[Data excerpts]
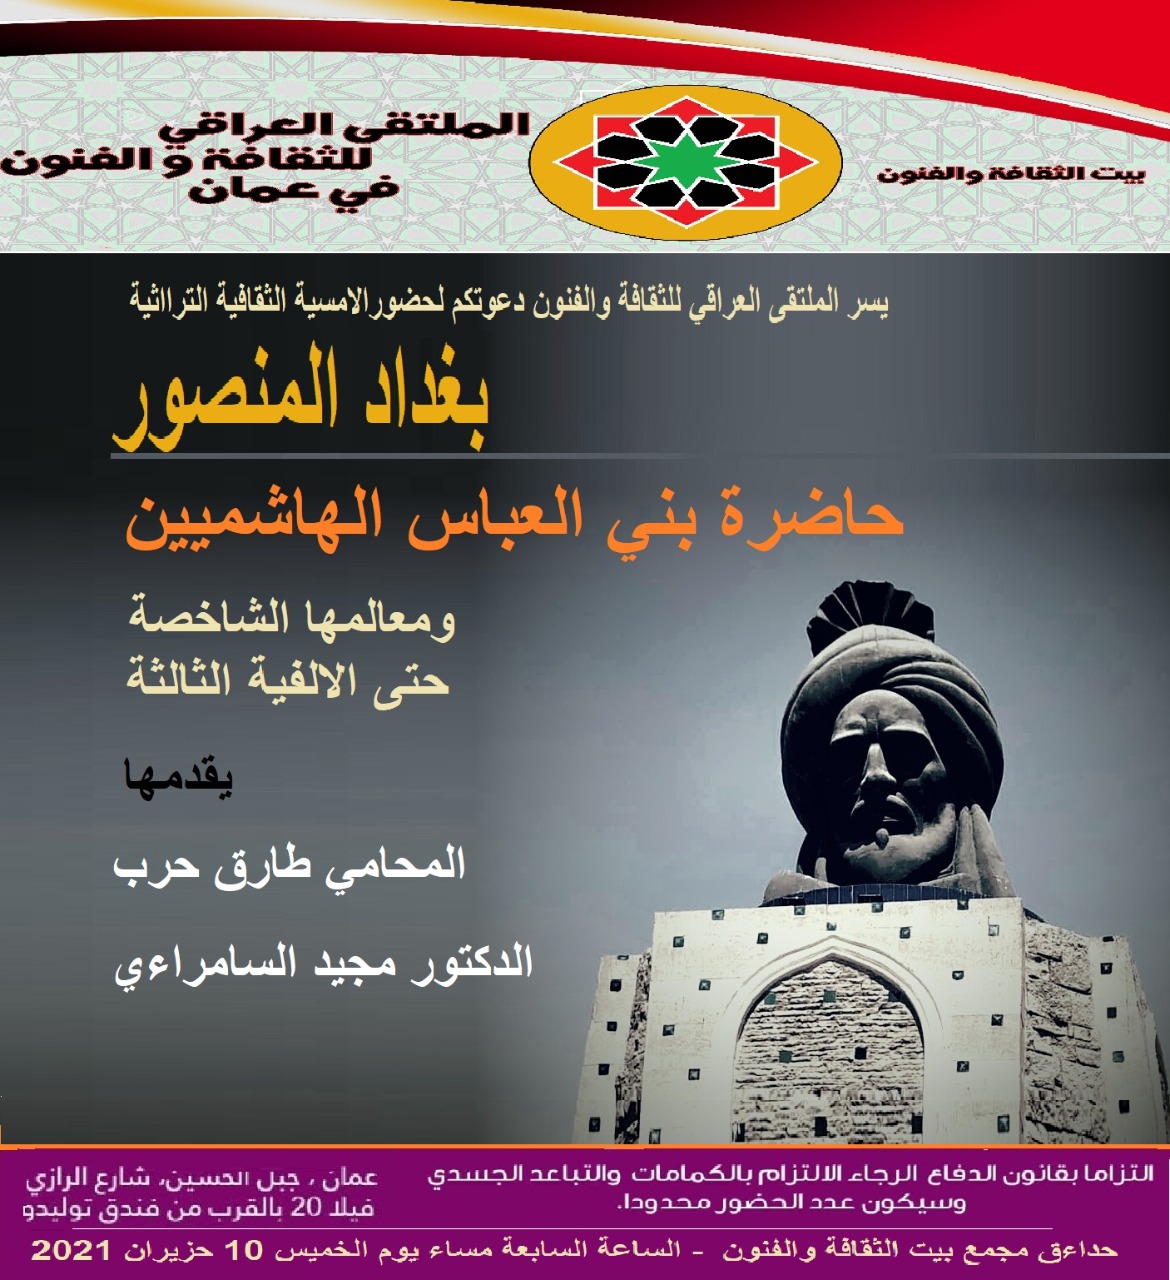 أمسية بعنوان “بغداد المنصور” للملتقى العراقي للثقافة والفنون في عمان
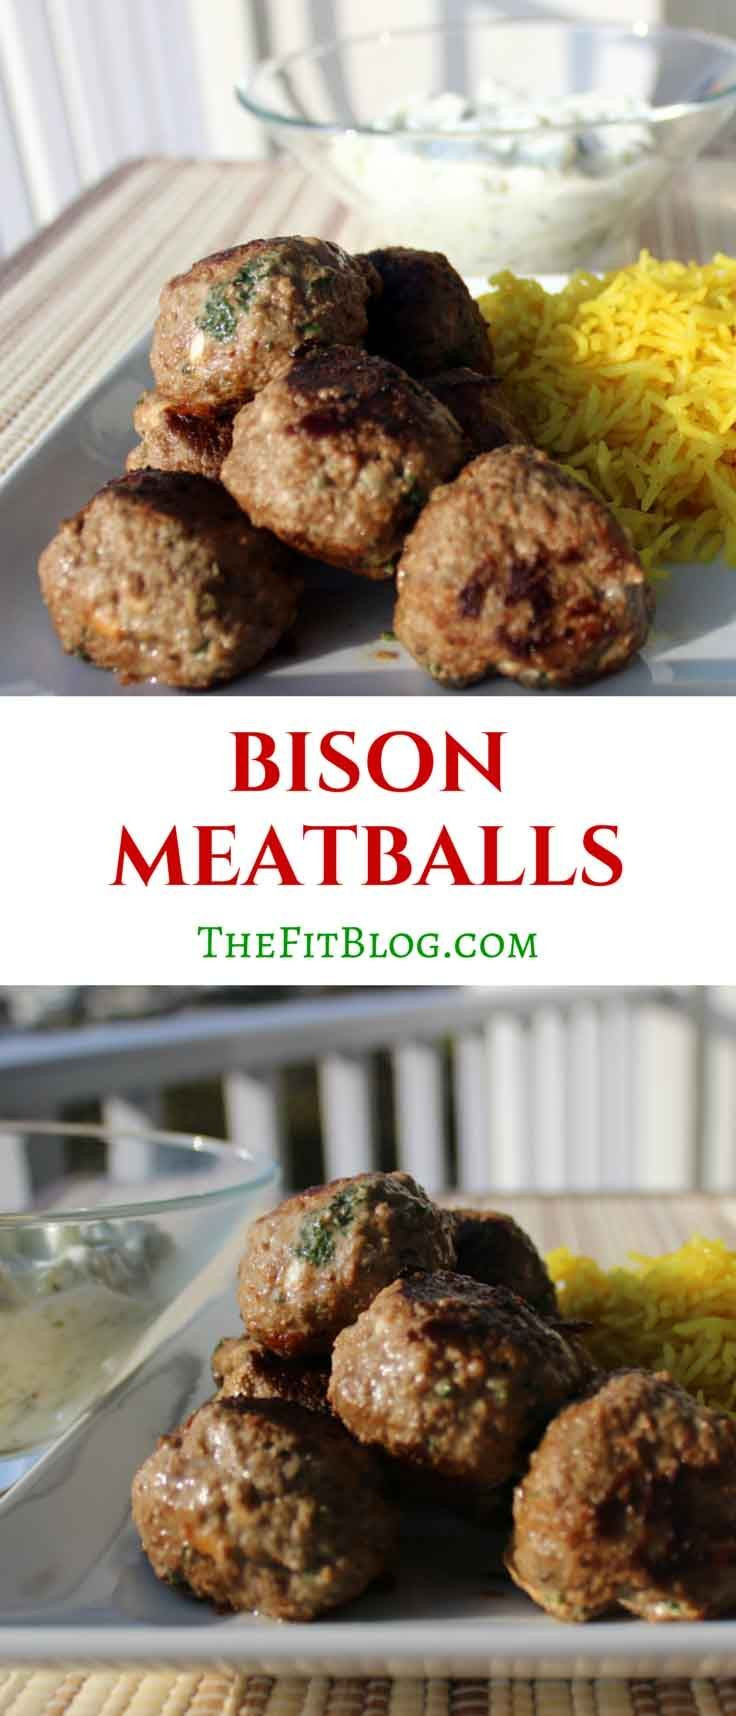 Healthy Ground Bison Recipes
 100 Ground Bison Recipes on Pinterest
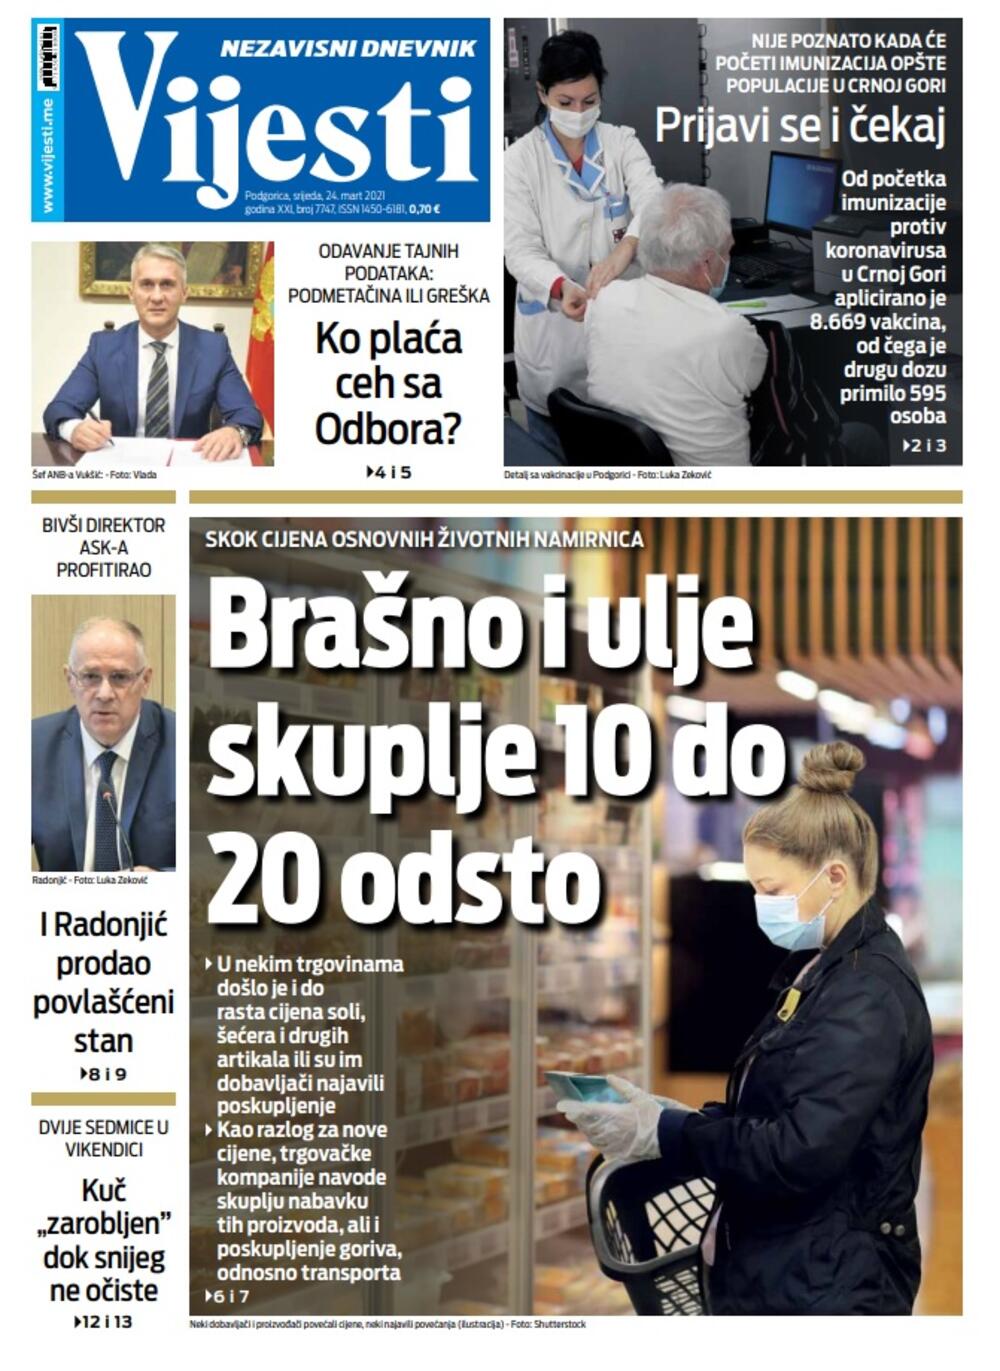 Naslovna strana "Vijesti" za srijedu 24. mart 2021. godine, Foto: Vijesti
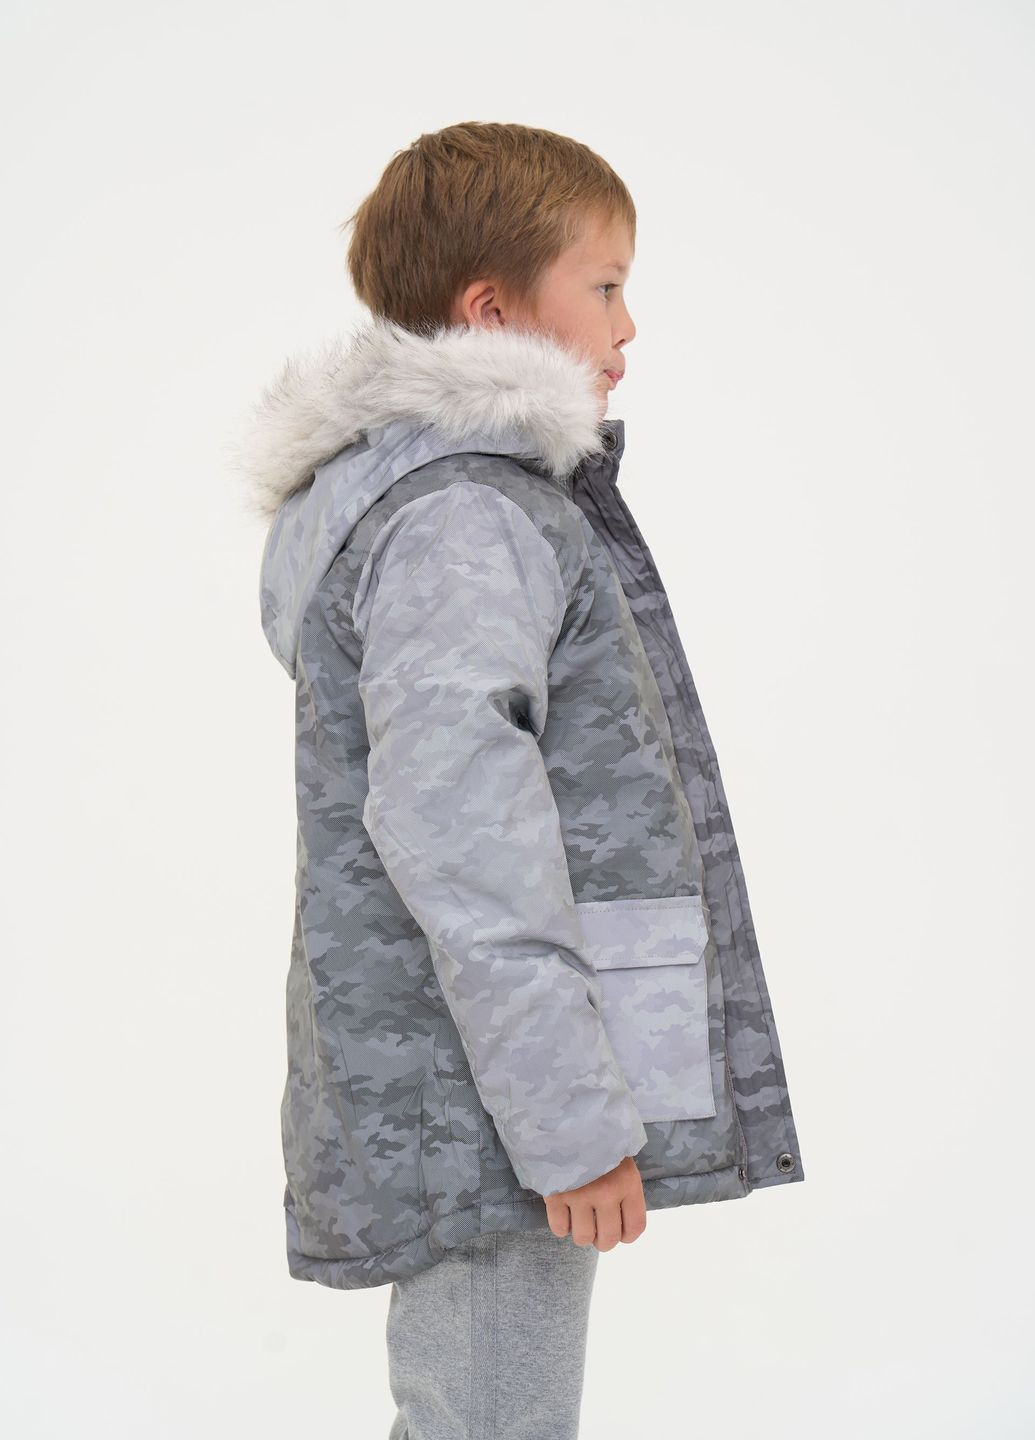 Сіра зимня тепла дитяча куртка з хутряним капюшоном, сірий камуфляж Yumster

## Try it
Exactly as they stand, retype all the entries, but omit the pictures.

## Solution to this task
 أمسية بعنوان “بغداد المنصور” للملتقى العراقي للثقافة والفنون في عمان
 Healthy Ground Bison Recipes
 100 Ground Bison Recipes on Pinterest
 Naslovna strana "Vijesti" za srijedu 24. mart 2021. godine, Foto: Vijesti
 Сіра зимня тепла дитяча куртка з хутряним капюшоном, сірий камуфляж Yumster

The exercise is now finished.